Тут же, на мебели и на этажерках, виднелись повсюду ноты. В углу стояла большая, необыкновенно изящной работы арфа. На стене около нее несколько инструментов: гитары и мандолины различной величины, а между ними одна, купленная в Венеции за большие деньги, была отделана золотом и драгоценными камнями. Эта мандолина была продана графу как инструмент, изготовленный свыше двух столетий тому назад.
В соседней комнате, большой и светлой, было почти то же самое: картины на стенах и на мольбертах, всевозможные инструменты, книги, ноты и между прочим большой орган, на котором играл часто профессор музыки, знаменитость из Киля. На этом же органе умела, конечно, играть и сама его владелица.
Здесь уже давно, с тех пор, что она себя помнит, бывали концерты, на которых присутствовали только отец ее и тетка и сами исполнители, не считая, конечно, десятка шляхтичей, игравших роль придворных в доме Краковского. Так как здесь собиралось все, что было самого умного, образованного и даровитого в Киле, то, конечно, об этих вечерах и концертах часто говорили в столице герцогства. Сами они считали себя таким же центром цивилизованного мира, как Веймар или в былые дни и Флоренция.
Давно уже сидела красавица Людовика, задумчиво и рассеянно глядя на портрет отца, висевший на стене. За эти дни она была особенно встревожена. Отец был в отсутствии, снова она оставалась одна с теткой.
И на этот раз отец не скрыл от нее, что серьезное дело, по которому он едет, касается ее и вскоре давнишние мечты станут явью.
Но этот странный человек, обожающий ее, все-таки не захотел сказать ей, чего она может ожидать, как устраивает он ее будущее. Она даже не знала теперь, куда поехал отец.
По некоторым нескромностям оставшихся окружающих лиц, по двум-трем намекам нелюбимой ею старой девы тетки она могла догадаться, что отец поехал далеко, что суженый ее – владетельный принц большого государства. Но молод ли он или стар, красив или дурен, добрый или злой – этого, конечно, никто не знал и никого это не интересовало, кроме самой Людовики.

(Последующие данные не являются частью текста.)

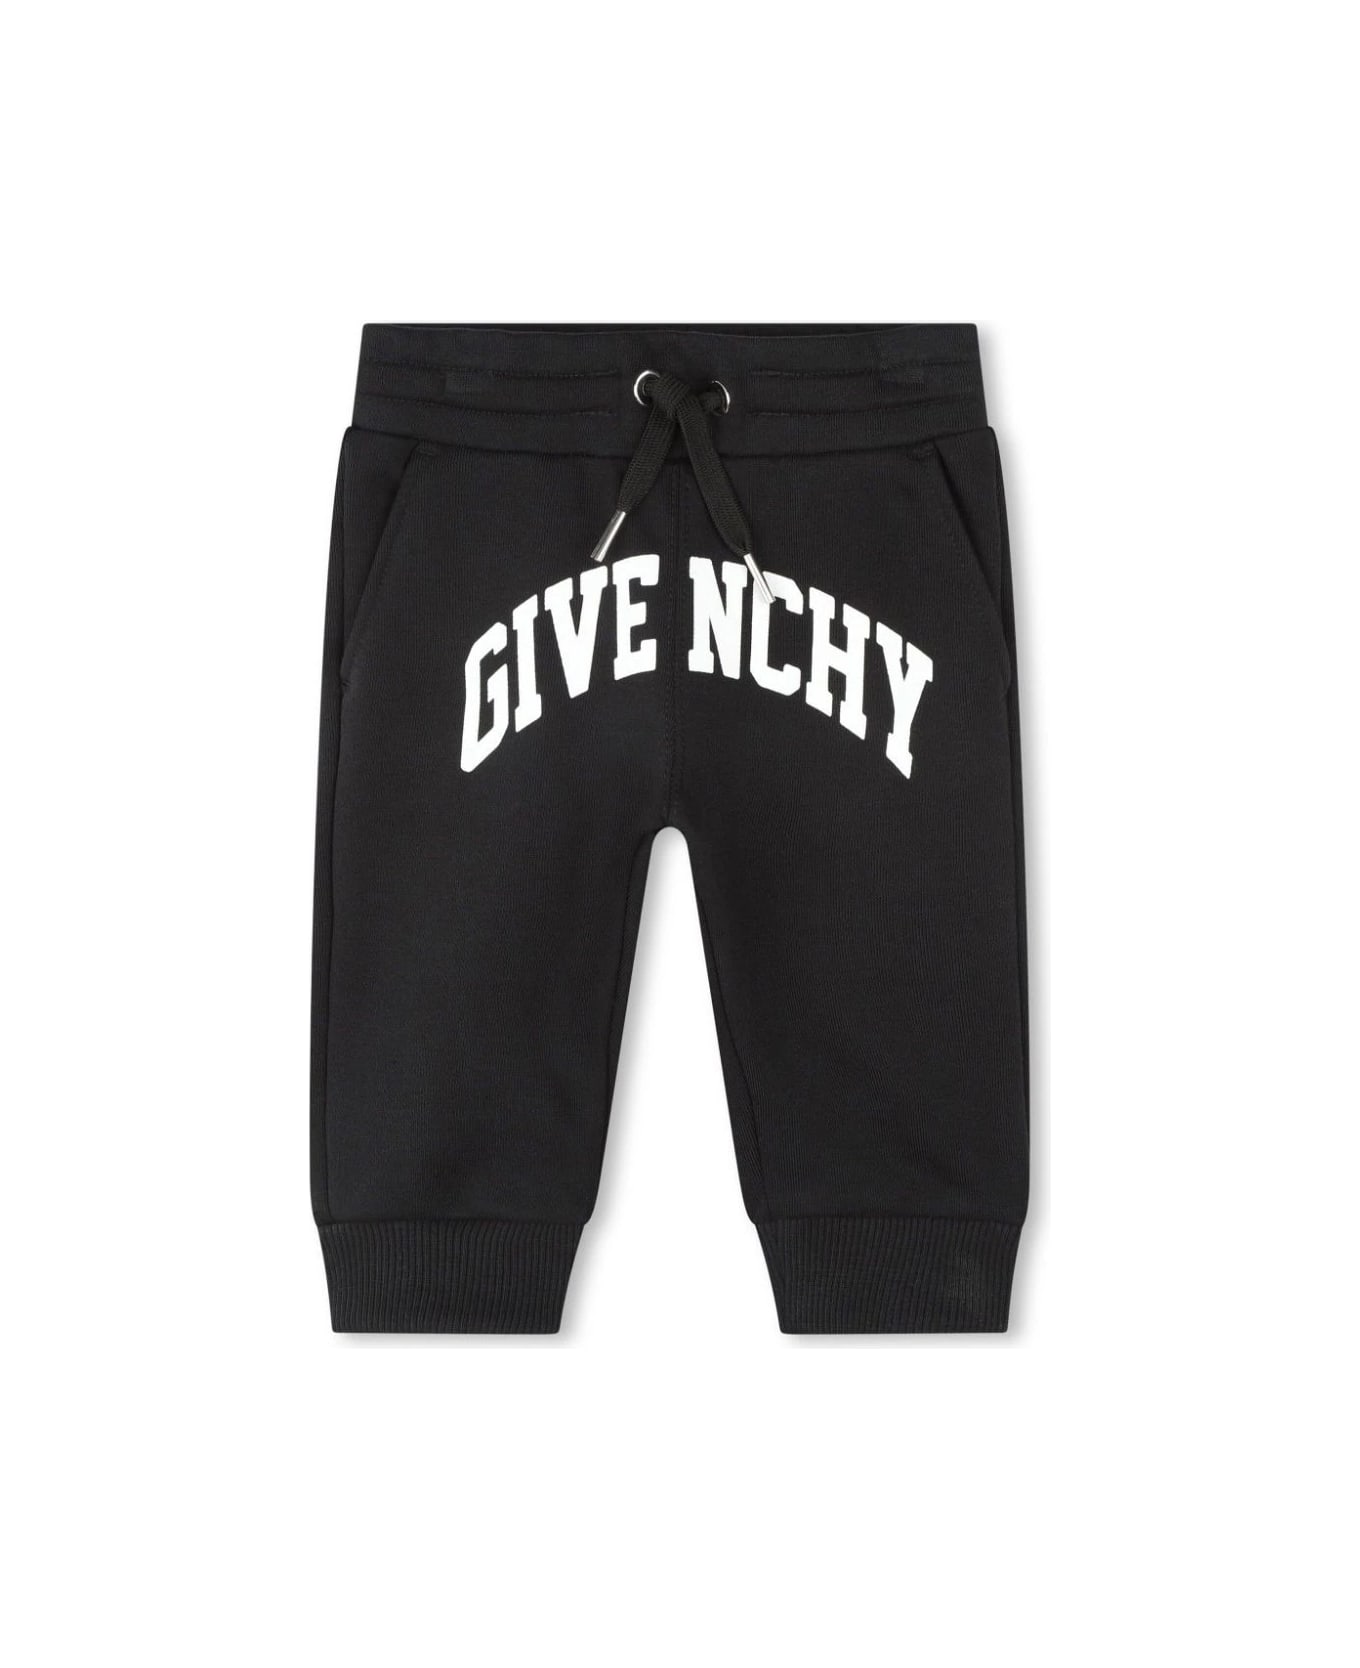 Givenchy Printed Sports Trousers - Black ボトムス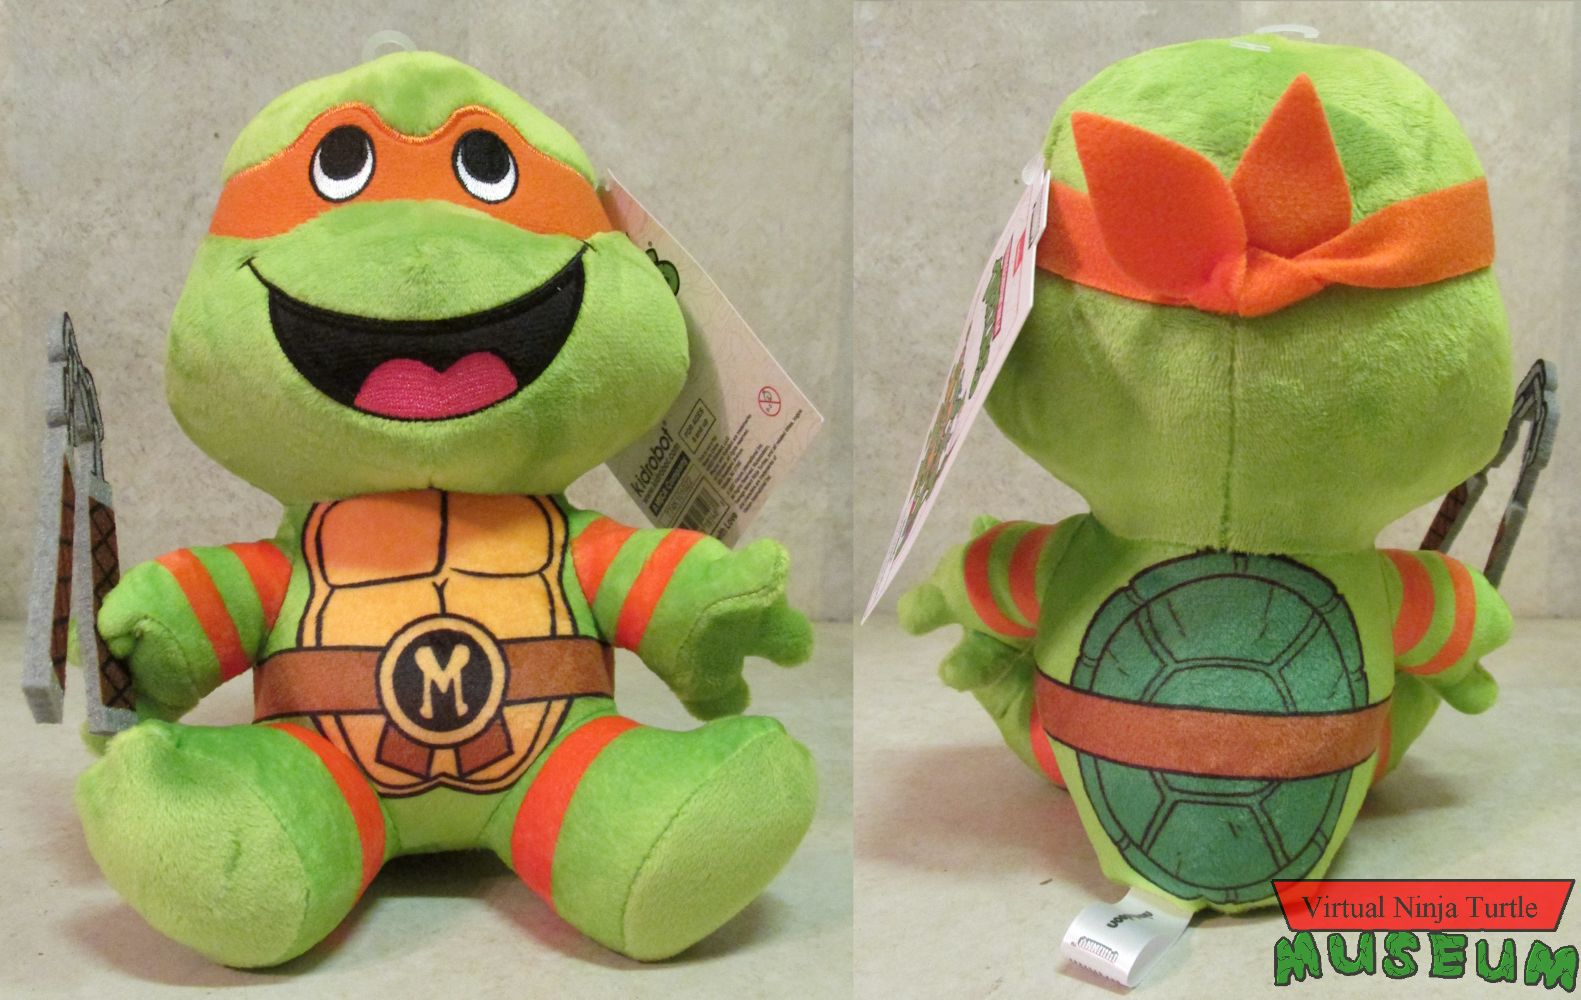 Phunny Michelangelo Plush front and back

Несмотря на нежные отношения отца и дочери, несмотря на обожание его, она никогда не смела заводить речь о вопросах самых важных.
Он говорил ей постоянно, что будущность ее будет одна из самых блестящих в Европе, но как, когда, спросят ли при этом ее мнение, – об этом она и упоминать боялась. В этом отце, которого она любила, было что-то, чего она боялась. И когда отец рисовал яркими красками великое событие ее жизни в будущем, то есть замужество, то она поневоле тайно желала всем сердцем, чтобы это великое событие и эта блестящая будущность явились бы как можно позже – слишком были они загадочными.
Все, что делали для нее люди, обожавшие ее, делалось как-то холодно, странно, будто бы дело шло не о живом человеке, не о молодой девушке, а о каком-нибудь политическом событии, договоре, союзе, трактате.
В эти же самые мгновения за несколько миль от Киля скакал гонец с письмом от графа. В сумерки он был уже во дворе замка. Через несколько минут старая графиня получила длинное, на нескольких листах мелким почерком послание, а Людовика держала в руках маленькую записочку, переполненную нежностями, поцелуями, советами, подобными тем, что дают обыкновенно маленьким детям, но больше ни слова, никакой новости, ничего о себе и ничего, конечно, о том деле, по которому отец уехал.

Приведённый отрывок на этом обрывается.